8 Responses to “Panoramitude”

  1. peridot Says:

    The free "panotools" and their wrapper "hugin" along with "enblend" and "autopano-sift" (what is it with software names?) do an excellent job for me. Sometimes they need a little assistance, but they're fairly good at being able to integrate human assistance with automatic fitting, and they allow you to create spherical panoramas as well as all the other usual options. You can even use them to align pictures for "fake HDR photography". I don't know if they work on any non-Linux platforms, though.

    The also come with a java-applet for viewing browser-paralyzing panoramas (that one was not taken with a hand-held camera).

  2. dio Says:

    Excellent. I looked through my picture files and found so shots of my driveway being laid. Ran the program, it found a couple it could use. Wierd result, but I now see many possibilities.

    Thanks for bringing this to my attention.

  3. David Says:

    If you really want to have some fun, check out the retail version of Autostitch. It's called 'AutoPano Pro'. It's an incredible bit of kit; no memory problems, HDR combining, PSD output, and with all the annoying parts automated.

    Moreover, it's better than Autostitch with near objects. I took 24 pictures of my room with a DSLR at 18mm from a doorway and it had no trouble piecing them together. Sample here:

    I'm in the middle of a two week cram session, you're not allowed to poke fun.

    The final picture was 10500x8000. It took about 30 minutes to render on a 2.4 GHz Athlon X2. I didn't actually expect it to come out; when I first tried this with Autostitch, it gave me my room as seen on an LSD trip.

    Because this version was originally a layered PSD, it would have taken only about ten minutes to clean up the residual haziness. The justifications to use PT Assembler are becoming scarce indeed..


  4. diliff Says:

    The Three Sisters has been done already. ;)

    I took this one about 18 months ago. The angle of view isn't nearly as wide but the detail is a little better and it was taken at dusk so the colour is a bit cooler (and bluer!). Its been significantly downsampled but the original is probably around the 10000x7500 mark or perhaps a bit more.

  5. bmorey Says:

    Occurred to me Autostitch would be great adjunct to a mobile phone - and so it is. Did a bit of experimenting with 6-frame pans this morning and it works a treat. It doesn't turn a fixed-focus 2 meg camera phone into a Canon but it really does add to its usefulness.

  6. Arlo Says:

    Nice review of Autostitch. I've been using it for awhile now, too, and can't imagine going back to any of the other options I tried before. I didn't go so far as to post the JPEGemoth image you did, but I have a decent webish-sized stitch on my own review over yonder.

  7. matt Says:

    I've been using panotools and Hugin for a while now, and while I pretty much only use it to stitch panoramas together, it can also be used to change the perspective of photos, as in this tutorial. I also saw a demo of a photo of hieroglyphics within an egyptian tomb being perspective-corrected, which was very impressive, but can't find that one any more.

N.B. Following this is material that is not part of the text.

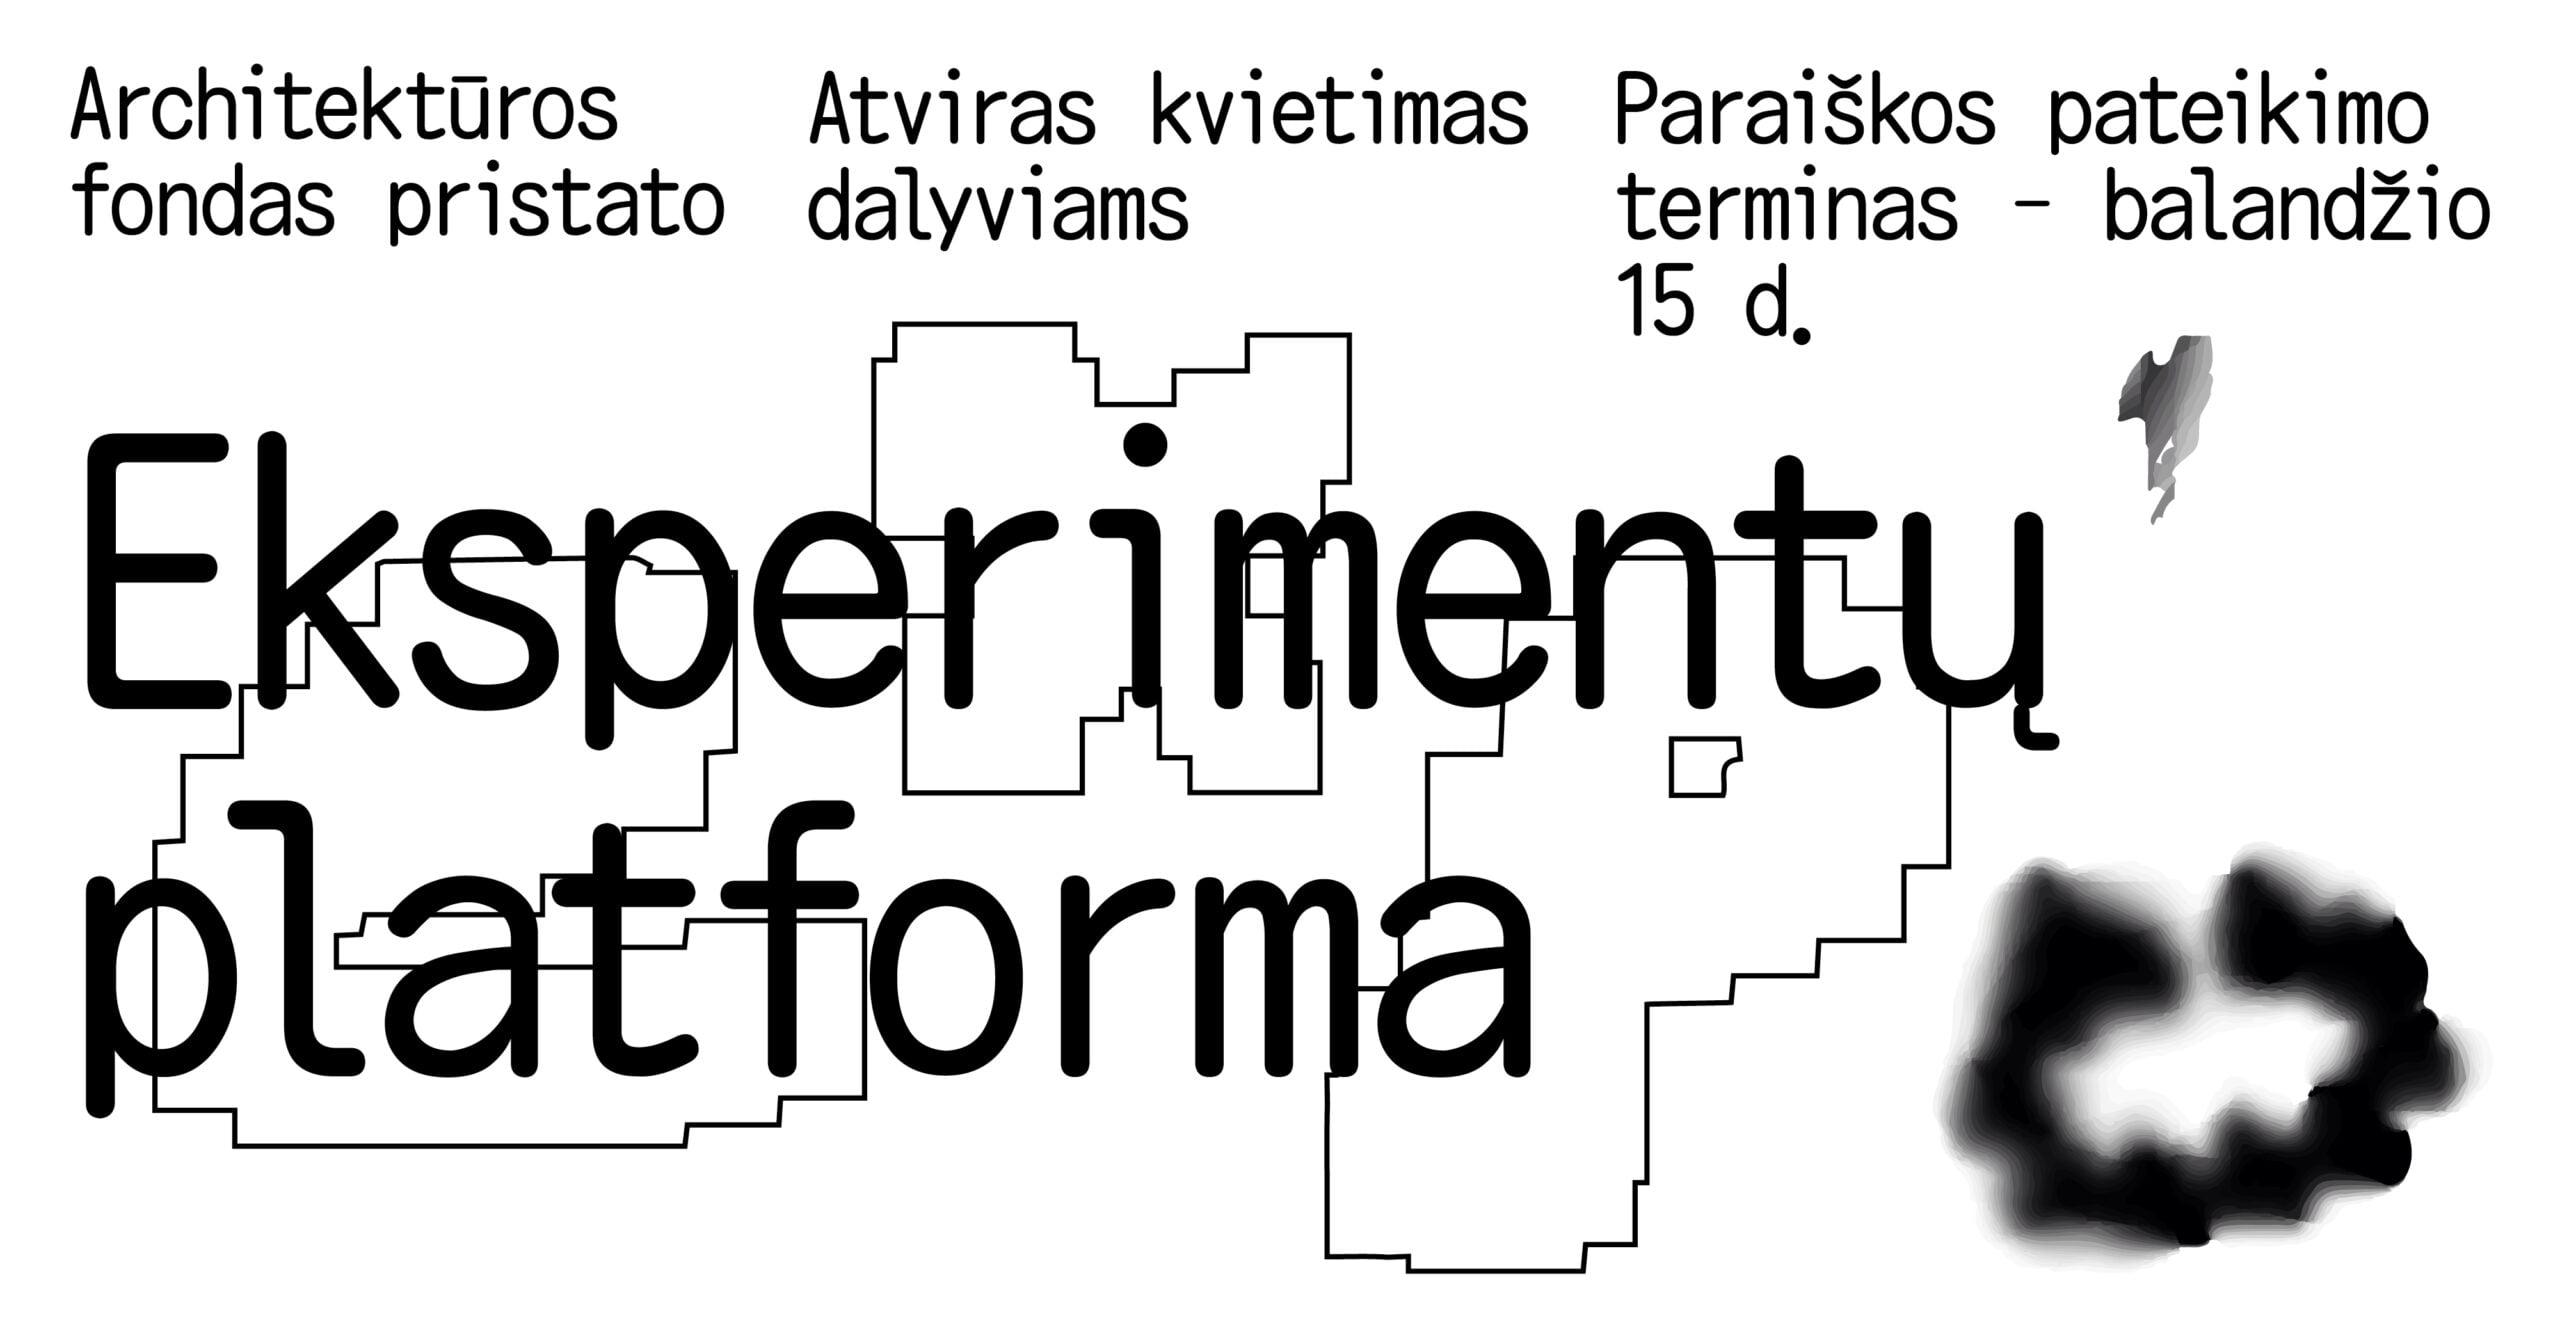 ExP horizontalus Architekturos fondas scaled

    I've also used panotools to align a bunch of time-lapse photos, to then be able to assemble the result into an animation...

  8. leahcim Says:

    Hi, yet another (Linux) panotools user here. Hugin (with autopano) seems to everything that autostitch does, plus gives you the option of multiple projections (equirectangular, rectilinear, mercator, etc) to choose for your output image. It also makes it easy to align your panorama so that verticals remain vertical, and the horizon doesn't turn into a banana (a frequent problem with the software that came with my Canon). It also calculates and compensates for barrel/pincushion distortion from the camera (small amounts of barrel distortion is common with most cameras at the wide-angle end of the zoom).

    matt: the I think the perspective-correction demo you're thinking of is here.